Instructions for the task >> Each line from the material with the word "White" in it must be copied.

Record excerpts >>
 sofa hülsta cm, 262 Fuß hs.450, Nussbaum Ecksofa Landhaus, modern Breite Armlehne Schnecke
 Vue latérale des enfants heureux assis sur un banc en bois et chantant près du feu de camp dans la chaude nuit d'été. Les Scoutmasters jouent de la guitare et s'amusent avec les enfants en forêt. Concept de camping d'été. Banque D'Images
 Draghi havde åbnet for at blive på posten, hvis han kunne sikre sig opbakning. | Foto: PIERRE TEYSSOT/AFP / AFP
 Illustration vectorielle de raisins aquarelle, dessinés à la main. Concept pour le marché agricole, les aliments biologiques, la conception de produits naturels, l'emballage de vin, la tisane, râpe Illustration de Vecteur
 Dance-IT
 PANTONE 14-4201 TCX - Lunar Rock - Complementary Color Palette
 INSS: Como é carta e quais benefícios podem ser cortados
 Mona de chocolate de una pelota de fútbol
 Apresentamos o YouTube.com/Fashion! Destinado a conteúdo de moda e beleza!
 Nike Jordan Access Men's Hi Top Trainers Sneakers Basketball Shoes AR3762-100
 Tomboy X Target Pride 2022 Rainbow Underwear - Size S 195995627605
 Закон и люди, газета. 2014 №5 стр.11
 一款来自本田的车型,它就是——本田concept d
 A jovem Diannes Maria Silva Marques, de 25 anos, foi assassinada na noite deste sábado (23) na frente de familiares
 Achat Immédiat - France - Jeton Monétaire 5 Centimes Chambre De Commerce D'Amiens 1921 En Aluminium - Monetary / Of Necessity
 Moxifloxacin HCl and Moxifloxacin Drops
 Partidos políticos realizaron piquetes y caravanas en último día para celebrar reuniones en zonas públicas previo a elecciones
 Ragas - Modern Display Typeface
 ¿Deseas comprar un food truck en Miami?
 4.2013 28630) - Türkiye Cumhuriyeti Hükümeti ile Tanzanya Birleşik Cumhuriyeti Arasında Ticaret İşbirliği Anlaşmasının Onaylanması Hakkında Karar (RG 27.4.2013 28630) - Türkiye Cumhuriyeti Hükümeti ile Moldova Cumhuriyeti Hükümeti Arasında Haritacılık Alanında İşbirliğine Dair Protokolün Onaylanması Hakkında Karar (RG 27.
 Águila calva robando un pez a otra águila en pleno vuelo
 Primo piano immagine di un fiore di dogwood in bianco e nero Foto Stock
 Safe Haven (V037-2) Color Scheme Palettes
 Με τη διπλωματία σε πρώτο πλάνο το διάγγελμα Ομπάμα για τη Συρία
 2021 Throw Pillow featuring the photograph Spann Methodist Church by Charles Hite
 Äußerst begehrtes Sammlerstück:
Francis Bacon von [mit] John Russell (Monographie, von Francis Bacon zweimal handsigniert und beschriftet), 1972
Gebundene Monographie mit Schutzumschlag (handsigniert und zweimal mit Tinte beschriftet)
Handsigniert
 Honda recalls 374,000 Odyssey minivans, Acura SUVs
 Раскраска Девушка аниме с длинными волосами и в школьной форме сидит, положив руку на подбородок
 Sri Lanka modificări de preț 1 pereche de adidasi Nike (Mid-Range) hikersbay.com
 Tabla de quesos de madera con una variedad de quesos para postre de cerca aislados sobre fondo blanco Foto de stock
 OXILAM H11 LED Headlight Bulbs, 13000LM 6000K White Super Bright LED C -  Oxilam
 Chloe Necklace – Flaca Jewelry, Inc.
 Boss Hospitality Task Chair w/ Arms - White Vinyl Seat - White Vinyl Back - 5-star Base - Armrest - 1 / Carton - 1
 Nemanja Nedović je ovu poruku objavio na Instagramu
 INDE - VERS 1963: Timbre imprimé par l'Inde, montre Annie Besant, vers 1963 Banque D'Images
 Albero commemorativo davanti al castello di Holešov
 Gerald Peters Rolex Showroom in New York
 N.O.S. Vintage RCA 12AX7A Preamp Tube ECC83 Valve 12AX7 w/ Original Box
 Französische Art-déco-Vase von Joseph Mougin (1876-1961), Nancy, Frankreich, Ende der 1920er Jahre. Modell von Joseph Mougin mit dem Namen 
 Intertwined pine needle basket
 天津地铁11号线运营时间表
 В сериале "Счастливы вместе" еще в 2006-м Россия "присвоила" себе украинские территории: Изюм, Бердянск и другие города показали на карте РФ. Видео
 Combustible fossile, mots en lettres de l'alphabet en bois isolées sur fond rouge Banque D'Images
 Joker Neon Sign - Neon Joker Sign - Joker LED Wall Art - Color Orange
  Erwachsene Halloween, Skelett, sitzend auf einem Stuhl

Expected output >>
 OXILAM H11 LED Headlight Bulbs, 13000LM 6000K White Super Bright LED C -  Oxilam
 Boss Hospitality Task Chair w/ Arms - White Vinyl Seat - White Vinyl Back - 5-star Base - Armrest - 1 / Carton - 1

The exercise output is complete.